Right. The only movie was locally done with subtitles too small to read, and sound so loud that it hurt the ears. The entire movie was people arguing. It was bad. But I guess it took my mind off something worse happening just behind me. The toddler and the 2yr old had started coughing, and of course were not covering their mouths. Guess who they targeted the germs at...right. Well as they had their competition of who can cough a lung up first I ran thru the possible outcomes... Ebola was the winner in my mind. Only 15 hours, I can handle it.
Thats when the first wheel blows. But we have a spare. That was lucky, I wonder how many of those we have. By the end I figured out we had at least 3, because that is how many tire blowouts we had. 15 hours...not even close, try 18.
At least the kids stopped coughing for a time....in order to cry. Right.

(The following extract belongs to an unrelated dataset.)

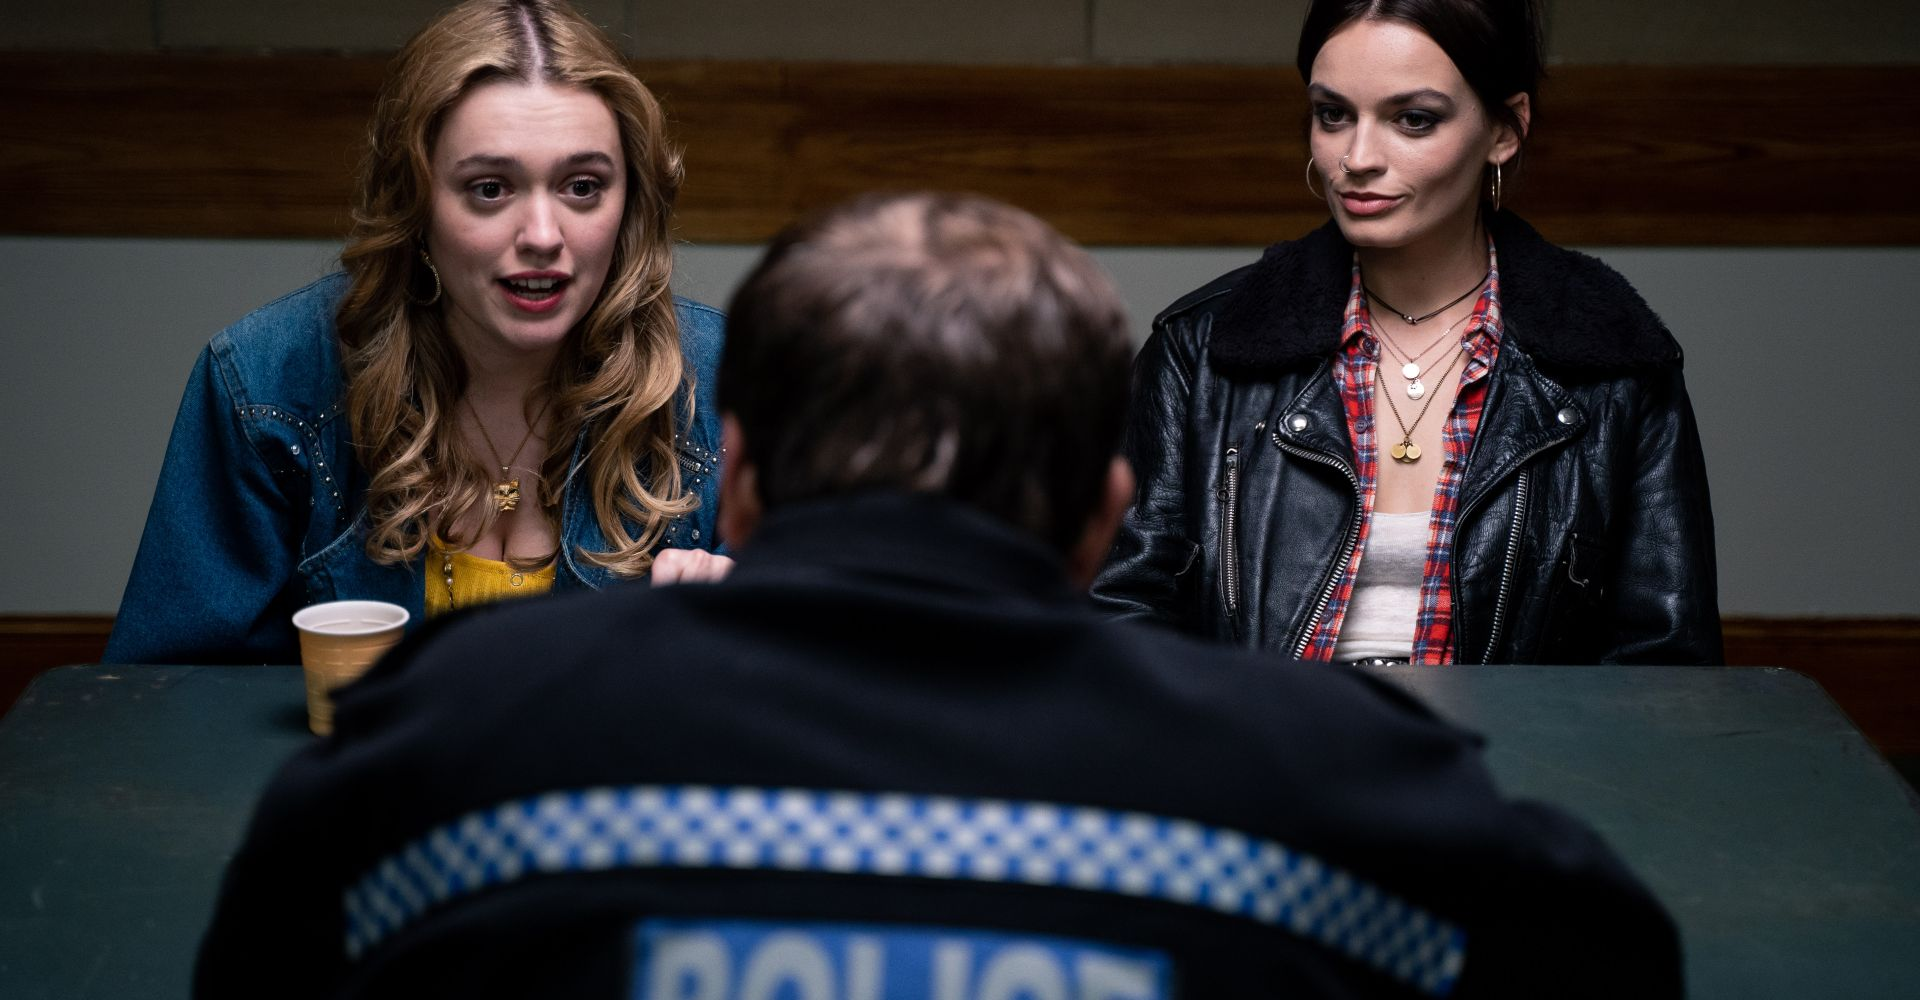 "Offizielles Bild aus der zweiten Staffel der Netflix-Serie ""Sex Education""."

So I'm here in Zambia and I think I'll go grab a cold beer. Sometimes you just feel like you've earned it.

Thursday, November 4, 2010

Serengeti and Beyond








Tanzania has some of the finest wildlife parks in the world. We headed right to the most famous and perhaps the finest national park in Africa, the Serengeti. This huge park is the site of the mass migration of wildebeest, zebra, and gazelles. We entered thru the western corridor after driving from the Rwandan border.

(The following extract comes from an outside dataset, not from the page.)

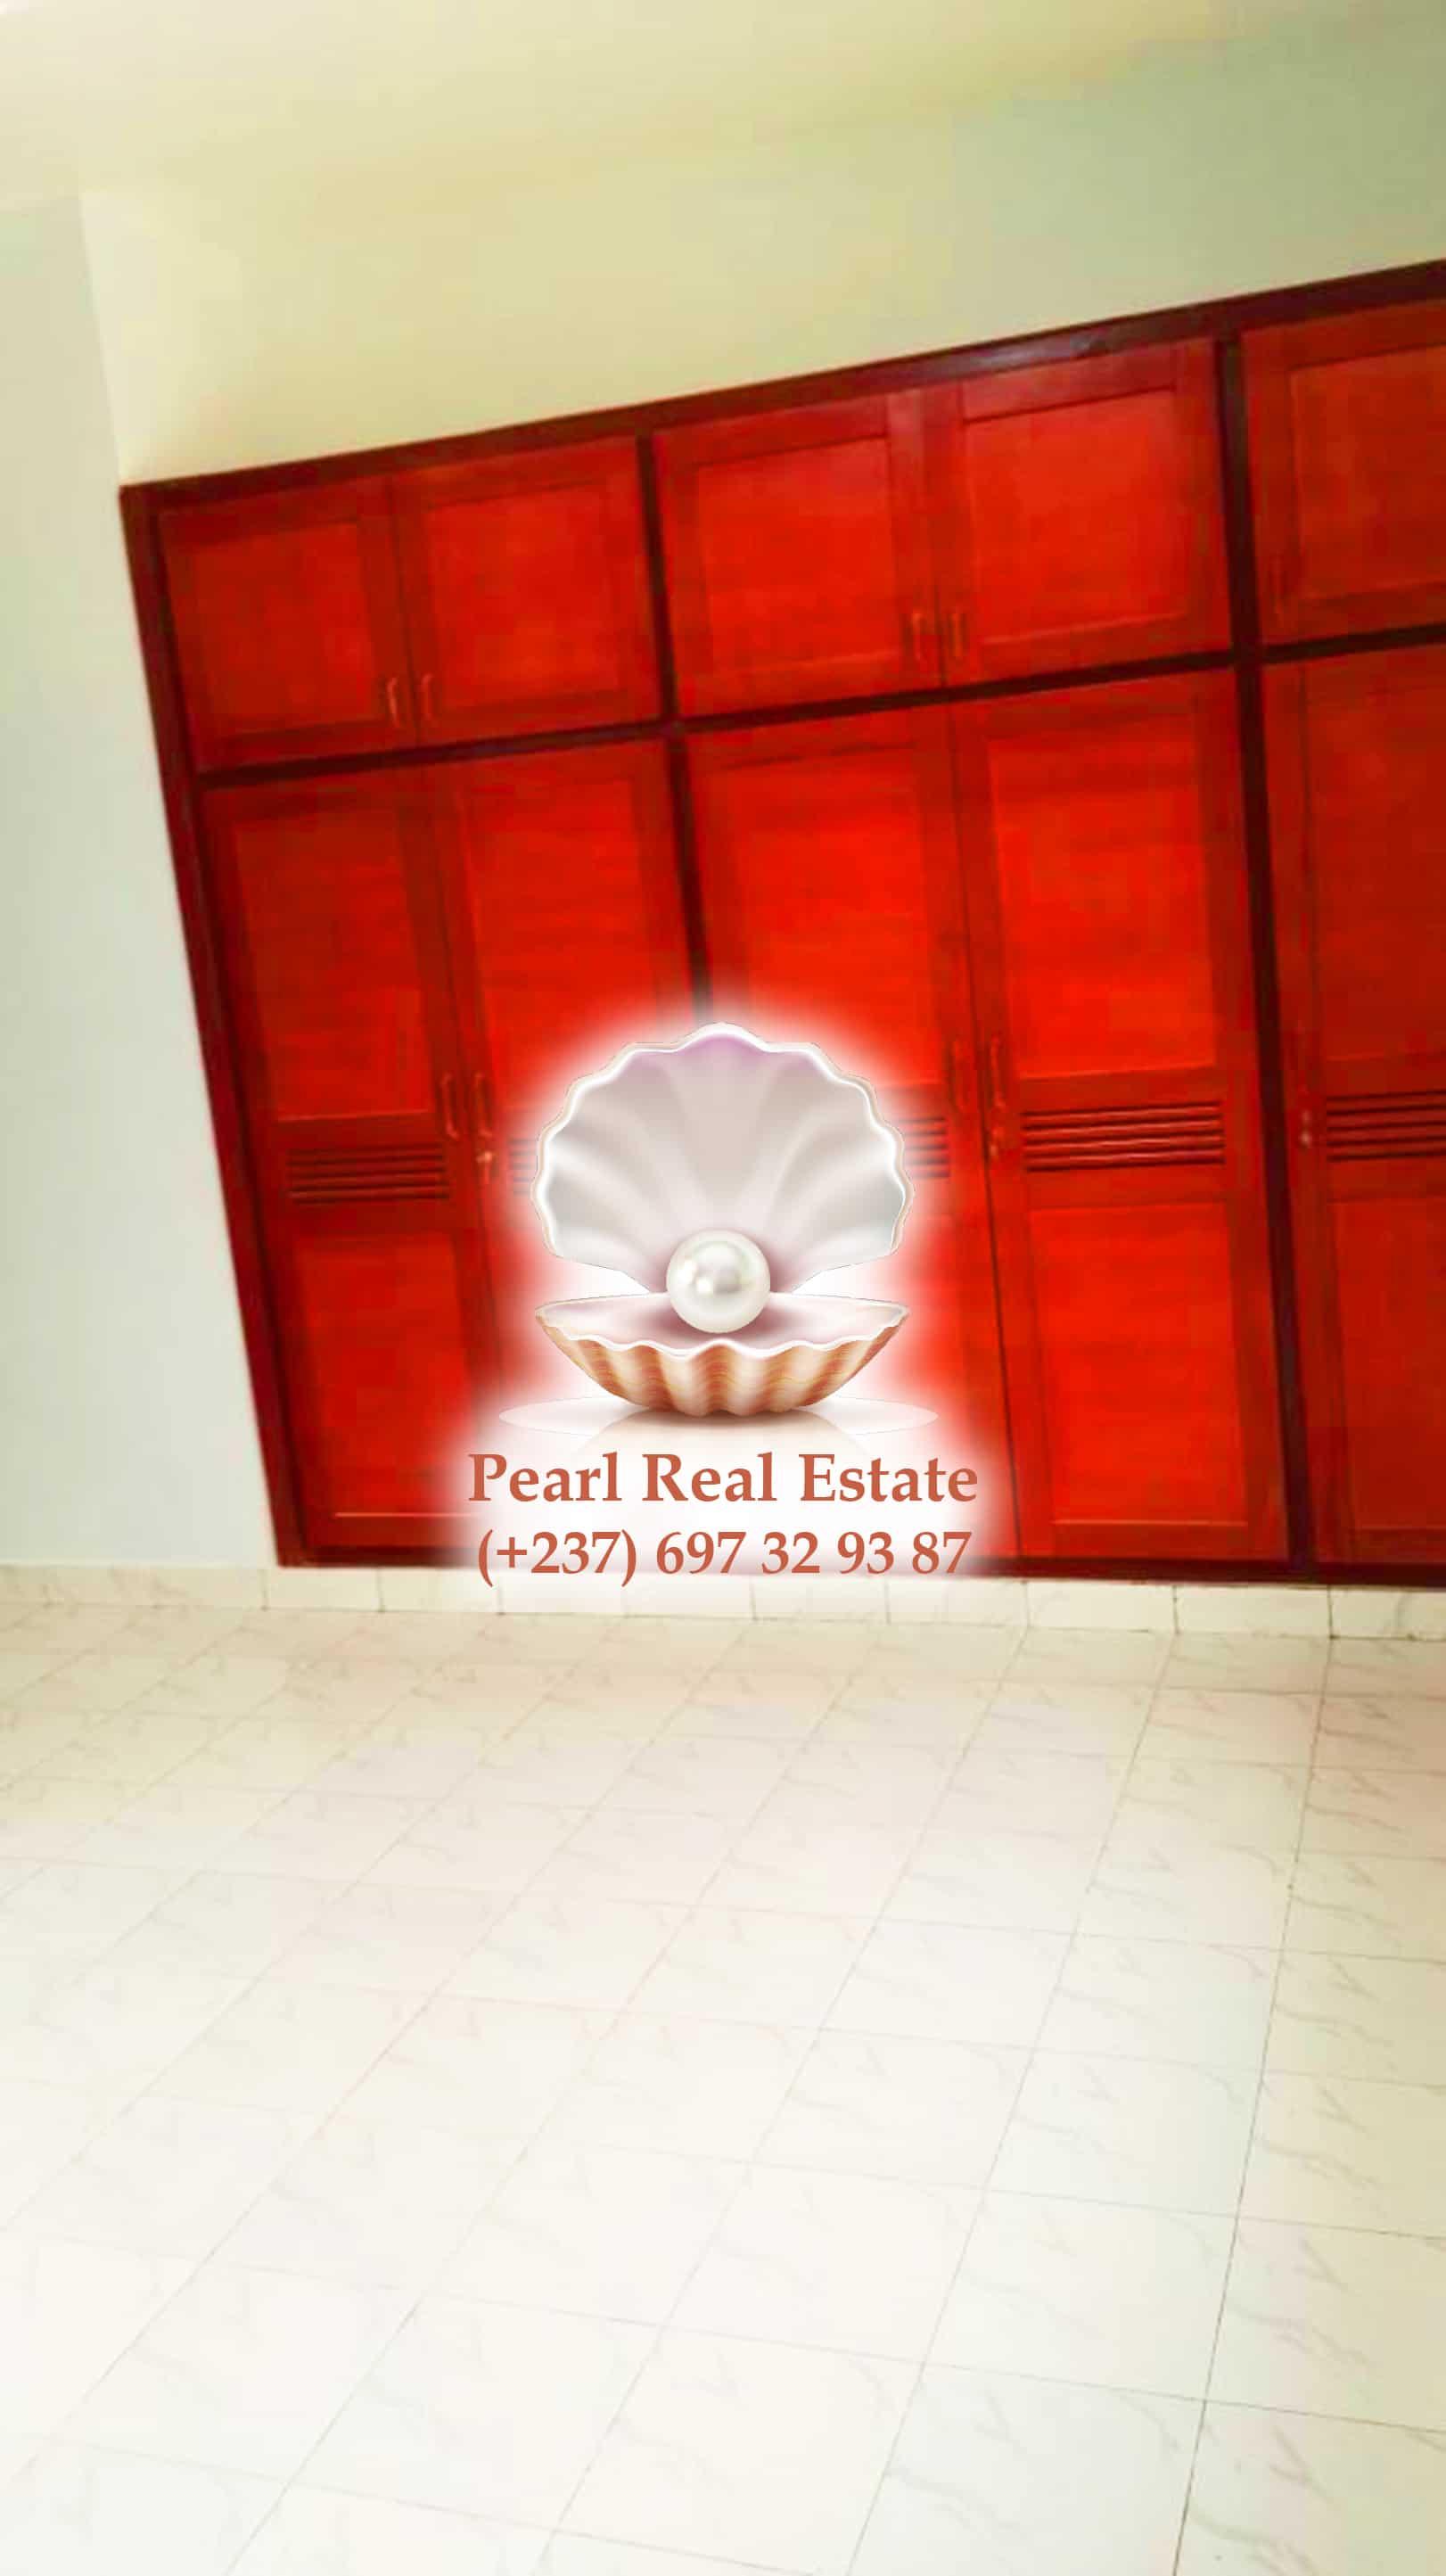 House (Villa) to rent - Yaoundé, Mfandena, Omnisports - 1 living room(s), 3 bedroom(s), 3 bathroom(s) - 450 000 FCFA / month

We were treated to close ups of lions, and lots of ‘cat food’ as I call the herds of impala and other antelope. I saw almost no other cars in the west and north or the park. All the tourist are concentrated in the middle where all the popular lodges are. But this time of year the migration has taken the mass herds up across the Kenyan border into the Masaai Mara National Park and they have just started their southern track back thru the Serengeti. We caught a glimpse of this spectacle as we drove far north into the park where our campsite was. We were surrounded by buffalo, gazelles, roaring lions, baboons, and thousands of wildebeest and zebras at our campsite.

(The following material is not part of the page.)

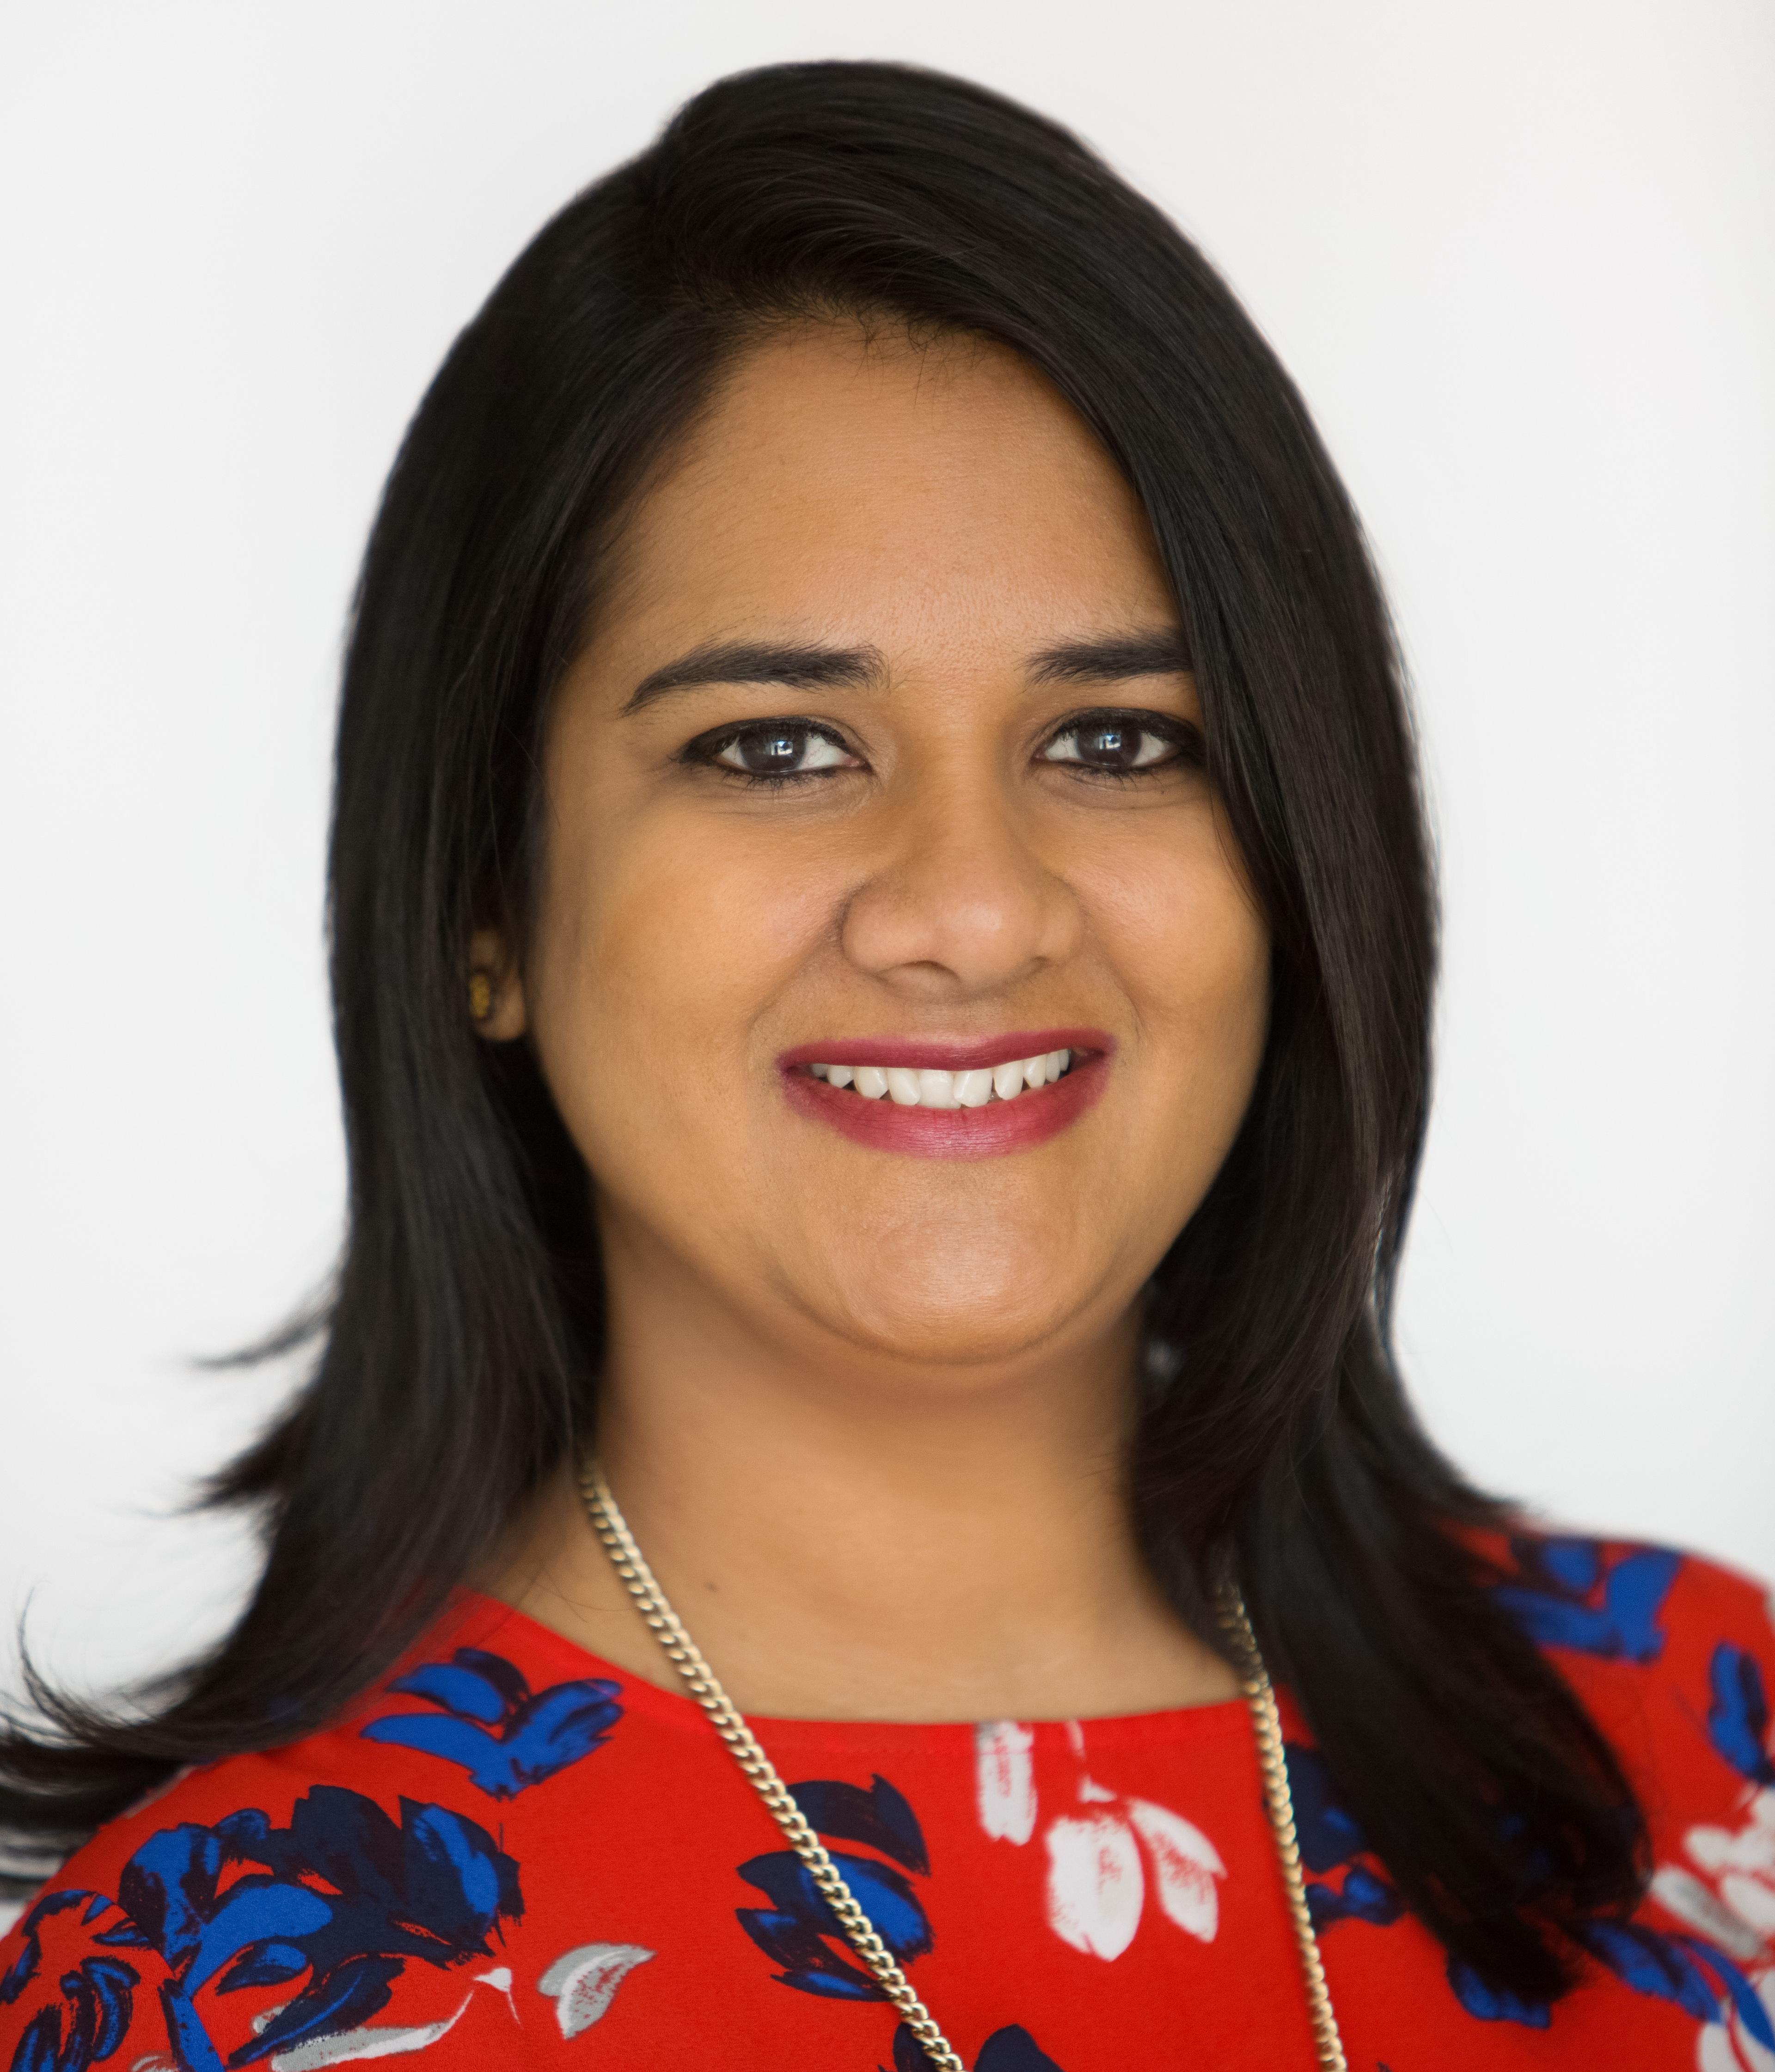 Nandini Kalyanasundaram

The terrain of the park ranges from permanent rivers filled with hippos and crocodiles, forested hills, vast plains, and kopchis, which are groups of giant boulders that dot the plains. (think pride rock from lion king.) We found the majority of the migrating herds in the northern forested hills. After looking hard we were also treated with sighting of nile monitors, hyenas eating a fresh kill, tawny eagles, leopard and a hinged-back tortoises, rock hyrax and dwarf mongoose, and a leopard that had hauled a bush buck kill up into the tree to keep it away from hyenas and lions.

Once we hit the southern plains that fill up with the migration starting in Feb. I notice that they were almost completely devoid of wildlife. The grass was brownish yellow for as far as the eye can see. Every once in a while a kopchi would rise out of the grass, or an ostrich would run by. A few herds of elephant trudged from somewhere unseen. The landscape was beautiful in its own way as the hot wind blew through the grass which stretch to the horizon.

The main road leads out of the park directly into the Ngorogoro Crater Conservation Area. This land has been left in charge of the Masaai who herd their cows thru the plains, grazing the grass down to nothing. Overlooking the crater itself is pretty amazing. It is 9 miles across and is filled with animals.